86. Memorandum From William A. Wieland of the Office of Middle American Affairs to the Assistant Secretary of State for Inter-American Affairs (Rubottom)1
- Honduras: General Calm on Eve of Elections
With elections only five days away (they will be held Sunday, September 22) the Liberals appear to have a clear edge in popularity and are expected to win a majority in the Constituent Assembly if the ballots are cast and counted with relative freedom and honesty. The governing Junta itself seems to be genuinely impartial and has forbidden electioneering by public employees. However, the Junta’s [Page 188] ability to enforce compliance is less than complete. Traditionally, outside the immediate area of the capital power has centered in Commandantes responsible directly to the President. Many of these Commandantes owe their loyalty now to the military rather than to the Junta. Thus the military (particularly the Ministers of Defense and Government) may be the decisive factor in determining how free the elections will be. Again, the words and actions of the military so far are reassuring, although they reportedly would not like to see a Liberal victory. Our Embassy reports there is strong reason to suspect that the Nationalists and the military are in cahoots to rig the elections against the Liberals and that the best we can hope for is that the elections will not be so blatantly rigged but that they can be accepted both inside and outside the country. The Embassy feels that if the elections are blatantly rigged the Liberals will react by calling a work stoppage, a general strike, or by resorting to violence.

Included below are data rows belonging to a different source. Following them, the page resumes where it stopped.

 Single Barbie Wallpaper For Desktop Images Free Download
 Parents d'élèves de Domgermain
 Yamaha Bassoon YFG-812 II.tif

Each of the three political parties (Liberals, Nationalists, Reformists) has entered its own slate of candidates for Constituent Deputies. An attempt to form a coalition ticket between Nationalists and Reformists foundered on the insistence that former President Carias’ son Gonzalo be accepted by the Reformists as Presidential candidate-apparent (it is generally assumed that the Constituent Assembly will elect a new President). One independent slate will be run; a group of workers in the North Coast Department of Atlantida have obtained the necessary 1000 signatures for an independent slate. This slate has several well-known Communists. A similar attempt to form an independent slate in Tegucigalpa (sponsored by Communists and fellow-travelers) failed. Our Embassy reports that Communism is not a major factor in the campaign although the Nationalists are attempting to smear the Liberals with this label (as they did in 1954).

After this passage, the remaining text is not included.